President Obama's American Jobs Act proposals, callously tossed aside by House Republicans, should be the minimum that we should consider doing to repair the remaining damage from the Great Recession and the ongoing damage done by Republican obstruction. Had Congress enacted this plan for $50 billion in infrastructure spending, $25 billion in school repair and modernization, and $35 billion in aid to states and municipalities to prevent layoffs of teachers and first responders, we would likely have 1.9 million fewer people unemployed, and our unemployment rate would be a full percentage point lower, Mark Zandi of Moody's Analytics said.

Instead, the budget cuts that conservative lawmakers promised would help bolster private sector job growth are actually reducing job growth — by about 1.2 million jobs this year.

Federal spending ended the 2013 fiscal year 4 percent below what it was last year, and the 2013 federal deficit is more than 30 percent smaller than last year’s.

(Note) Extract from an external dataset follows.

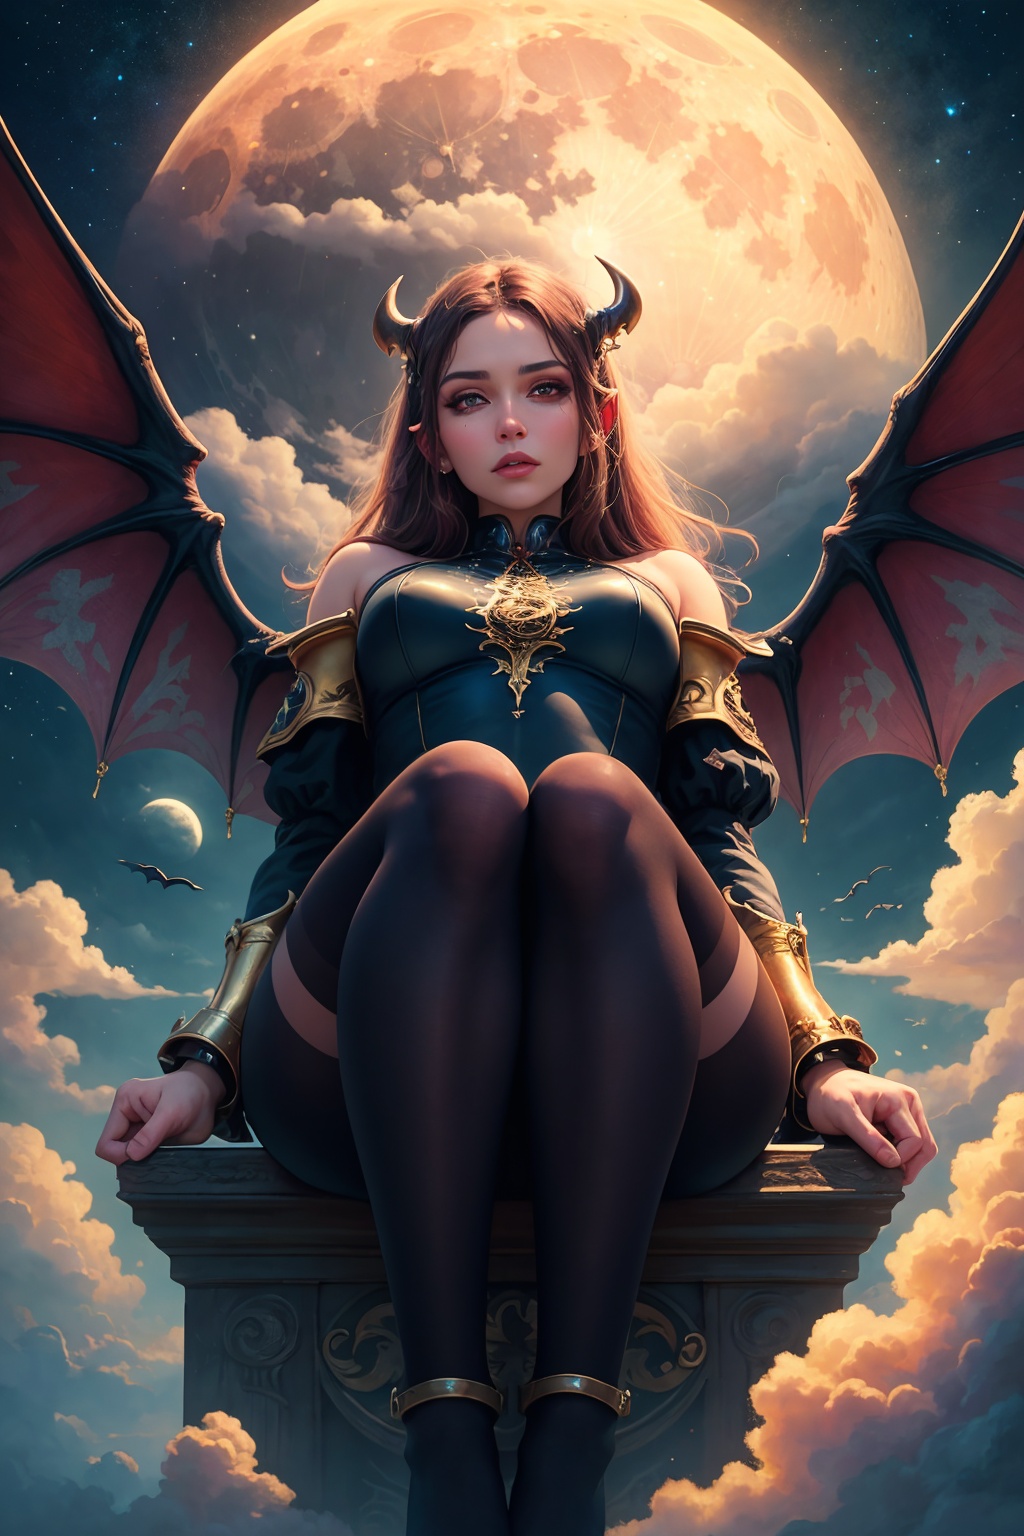 ((best quality)), ((masterpiece)), (detailed), succubus, ethereal beauty, perched on a cloud, (fantasy illustration:1.3), enchanting gaze, leotard, pantyhose, stockings, bodysuit, captivating pose, delicate wings, otherworldly charm, mystical sky, large moon, moonlit night, soft colors, (detailed cloudscape:1.3), (high-resolution:1.2), from below, (rating_explicit), (score_9, score_8_up, score_7_up, score_6_up, score_5_up, score_4_up, high res, 4k)

Conservatives in Congress have gotten their spending cuts – to the nation's detriment. Now is the time for the champions of working people in Congress to draw a line in the sand as Congress negotiates a spending plan for 2014 and beyond: Repeal the sequester. Say no to cuts in Social Security, Medicare and Medicaid benefits; these cuts also dampen growth and threaten jobs. Go after the tax havens and tax evasion schemes corporations and the wealthy use to escape paying their fair share of taxes. And then make smart, targeted spending increases in the things we know will boost the economy, create jobs, and set the country up for long-term prosperity and global economic competitiveness.